The approach to solving the problem that makes the most sense builds on what the largest data users have been doing for some time. They recognize that all data isn't alike and they have systems for treating different categories of information in different ways depending on how they need to use it. When data from a satellite image system is being actively analyzed or presented in a graphic format, it is staged on large capacity, fast access disk. But the data sets that are not actively being used are normally housed on high capacity storage systems built around tape storage.
These larger storage systems provide lower cost storage but they also reduce active management requirements since data safely stored on removable media no longer requires high levels of active management. Moving data between the active disk resource and the high capacity storage devices may be a manual process, but in some cases IT managers use automated data migration tools to move data between the different devices based on a series of usage and file characteristic guidelines.
The change that is beginning to take place in enterprise storage is that a new generation of tools is beginning to become available that performs the same kinds of large-scale data management tasks, but that makes the process more integrated, more flexible, less expensive, and easier to administer.
The new generation of storage management products is based on three key principles:
* Not all data is the same or has the same requirements for access.
* The most active data needs the highest bandwidth and the most flexible sharing.
* Automated tools need to help people move data between different storage locations.
Let's look at each of these ideas and how they relate to this new generation of storage systems.
Not all data is equal. You could argue that the real problem with storage is that most systems treat almost all the data in the same way--as if all of it were serving the same purpose. The reality is very different. In most networks, a relatively small amount of data is actively used every day, changed frequently, or accessed by a large number of users regularly. The majority of data, though, is used periodically. Still more, usually older data, like last year's PowerPoint presentations, needs to be preserved and available, but is accessed only occasionally, maybe even only when other copies of information are lost or damaged.
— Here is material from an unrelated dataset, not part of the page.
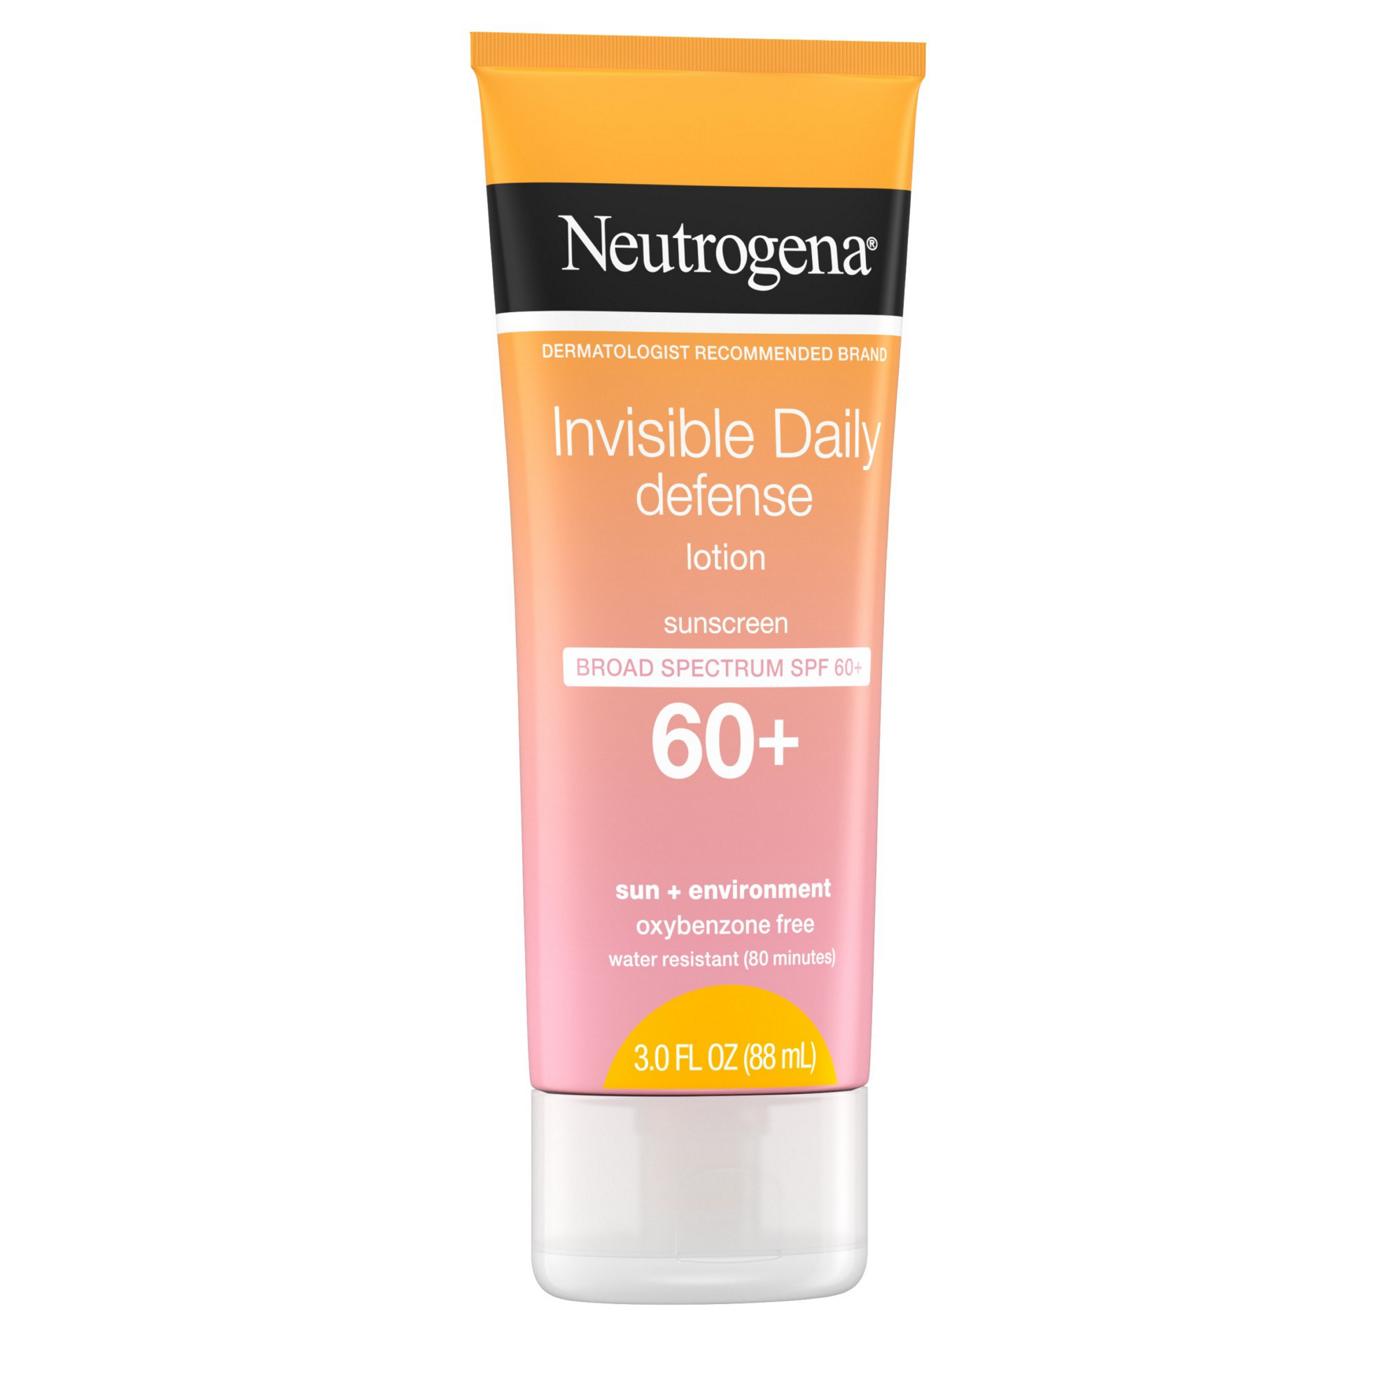 Neutrogena Invisible Daily Defense Sunscreen Lotion - SPF 60+; image 2 of 2

What enterprise IT departments are beginning to discover is that if you treat all data in the same way, infrastructure costs and management loads become oppressive as they try to keep up with the volume of static data.
The most active data needs bandwidth and shared access. For the most active data, the new tools provide the high bandwidth and data sharing of SAN technology. Up to now, SANs have been used mostly for backup or for providing limited access to a single, expensive disk. The new tools leverage Fibre disk as a more powerful resource by letting data down to the individual file level to be shared over a switched fabric among a variety of users without moving or copying files. The high SAN bandwidth means that this shared data can be accessed at local disk speed by all of the connected hosts. This capability of SAN file sharing systems has been limited up to now to high volume applications like video editing and specialized imaging applications, but it is now emerging as a powerful tool for more mainstream applications.